Managing Loss of Appetite (Anorexia)

From Cancer Therapy

Some patients experience a decrease in appetite while receiving cancer therapy and for some time following treatment. Remember that this loss of appetite is a temporary side effect of your treatment. Also, the loss of appetite you may experience depends on many factors and varies from person to person.

Please ask your nurse to review this information with you and to answer any questions you may have. Keep your nurse and doctor informed of your concerns about your appetite and weight. A registered dietitian is available to discuss your diet and can suggest ways to maintain your normal weight.
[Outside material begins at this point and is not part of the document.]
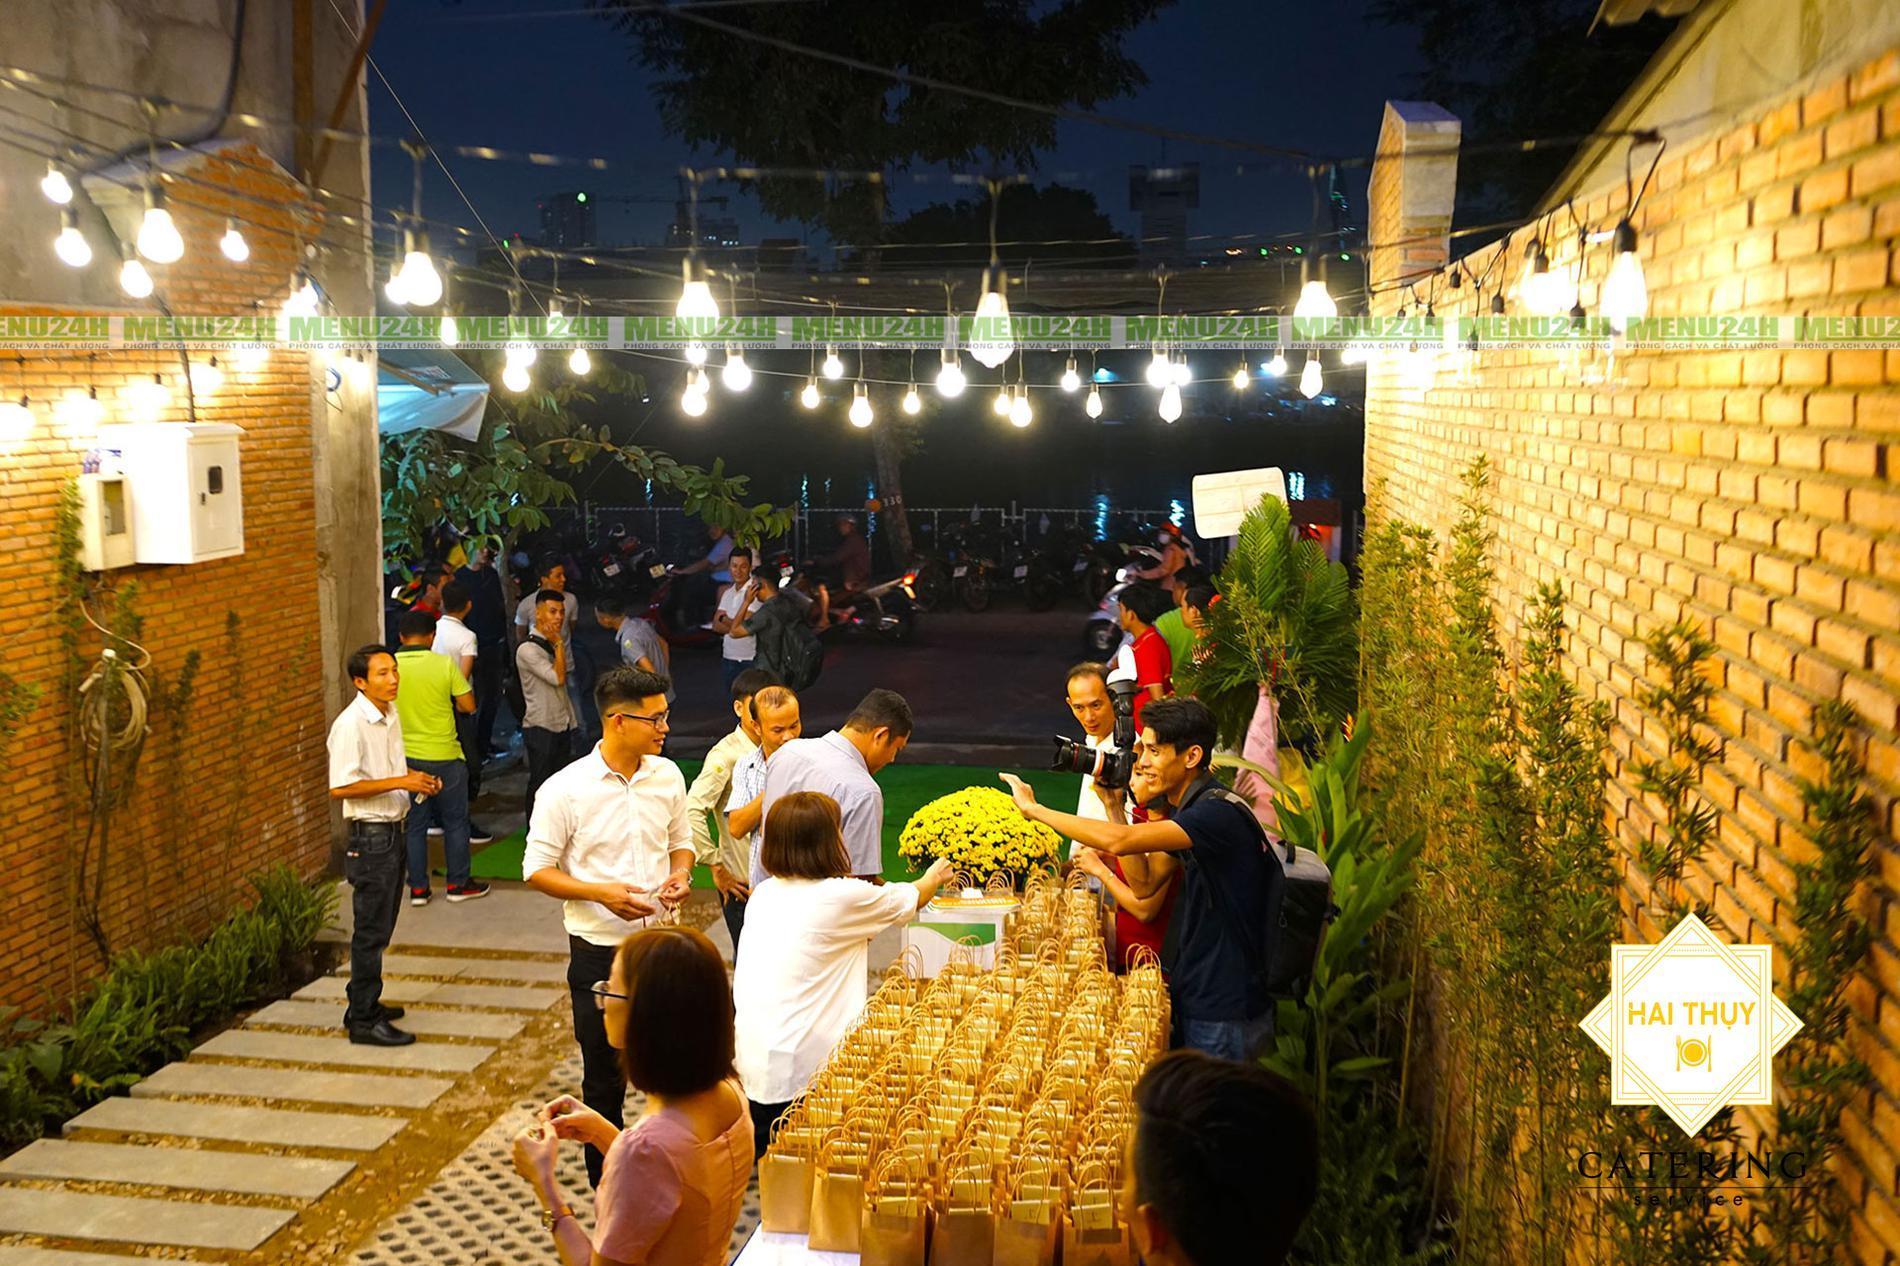 Mãn nhãn với buổi tiệc công ty chuyên nghiệp Trúc Nghinh Phong – Menu24h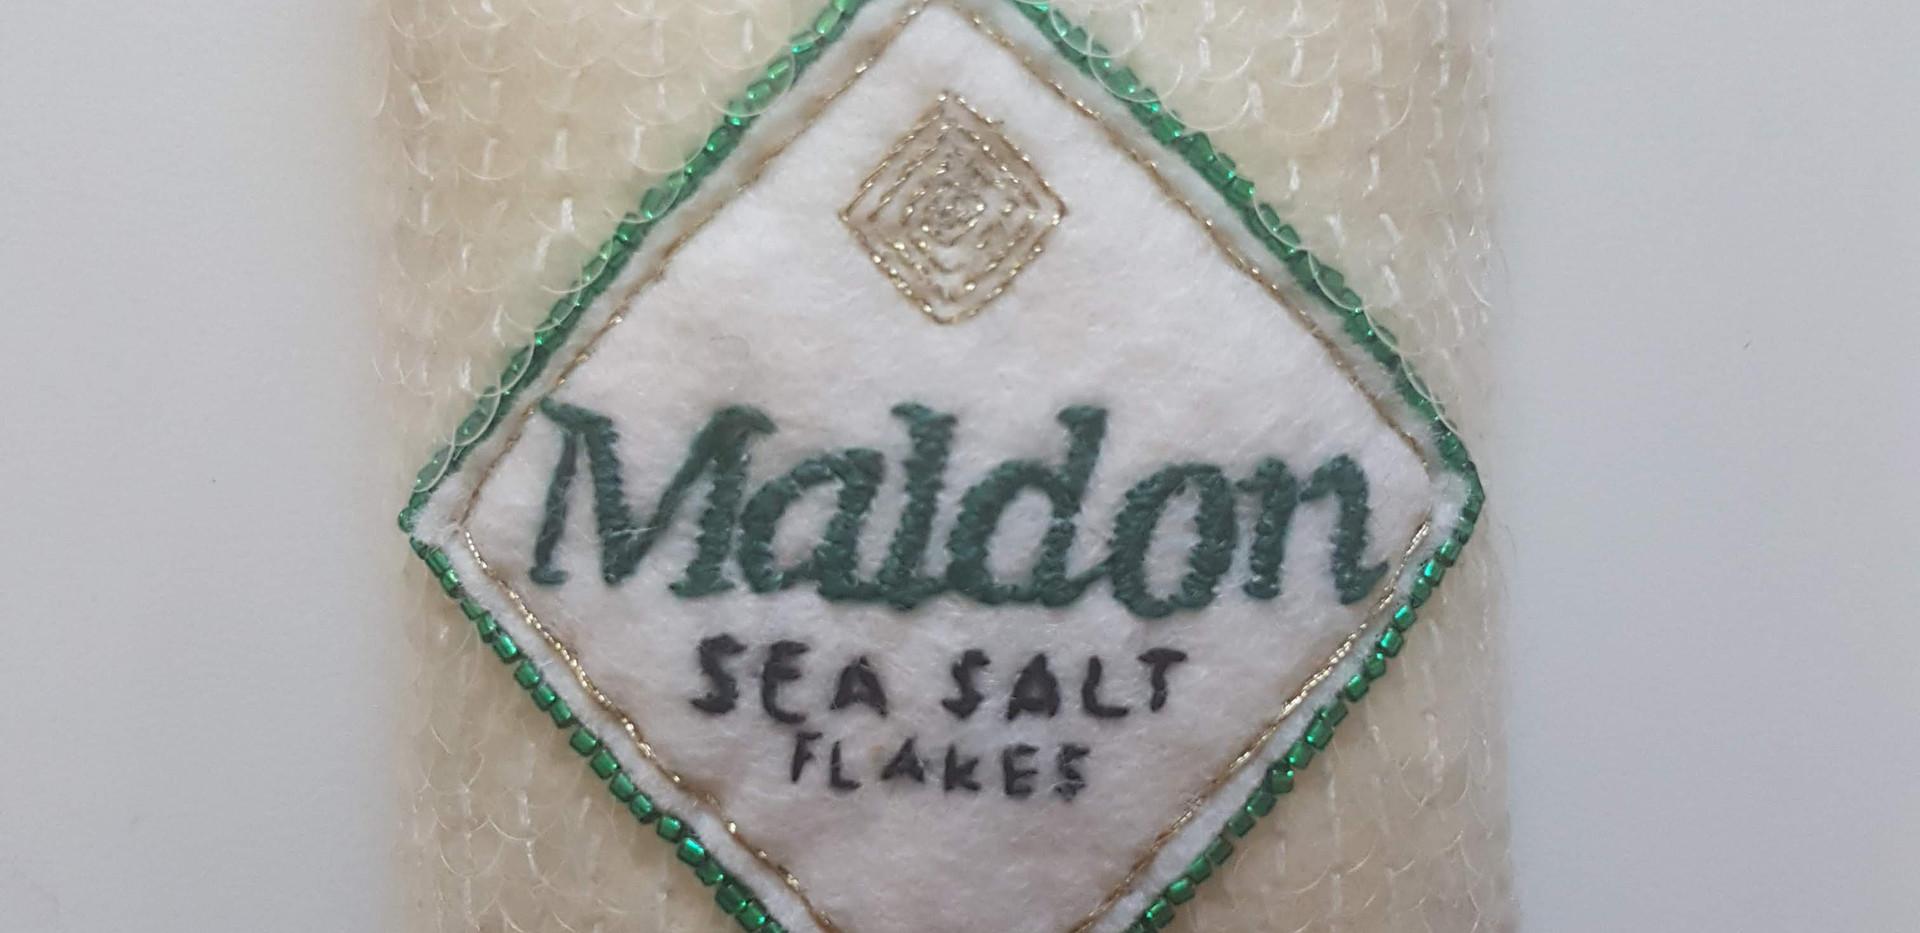 Maldon Sequin Ornament

Helpful Hints to Manage Loss of Appetite

  • Eat small frequent meals and healthy snacks that are high in protein and calories.
  • Eat during periods of greatest appetite, rather than at set mealtimes. Be flexible. Eat whenever you feel hungry.
  • Make mealtime as pleasant as possible by trying the following suggestions:
      • Rest before eating.
      • Play soft background music or a relaxation tape.
      • Use an attractive table setting.
      • Indulge in your favorite foods.
      • Make plans to eat with family and friends.
  • Take pain medication as instructed.
  • Take nausea medication a half-hour before meals, or as instructed.
  • Avoid foods that cause bloating and gas, such as cabbage, broccoli, and beans; or indigestion, such as spicy foods.
  • If you have a sore mouth, do mouth care routinely and especially before and after meals.
    Your mouth care: ________________________________________________________
  • If you have dry mouth, use:  ________________________________________________
  • Try sugar-free hard candy, gum, or mints if you have a metallic or bitter taste in your mouth.
  • Marinate meats with sweet marinades or sauces like teriyaki or soy. Try different seasonings.
  • Don’t drink large quantities of fluids with meals, since this will make you feel fuller sooner.
  • Avoid “empty calorie” liquids like soda pop.
      • Try fruit juices and milk products.
      • If you have trouble digesting milk and milk products, speak to your nurse or the registered dietitian.
  • Exercise as tolerated. A moderate exercise routine helps stimulate appetite.
  • Nutritional supplements can be recommended by the registered dietitian or nurse.
  • Your doctor may order an appetite-stimulating medication.
  • Sometimes loss of appetite during cancer therapy is a symptom of depression. If you think you may have problems with your mood and emotions, speak to your doctor about your concerns.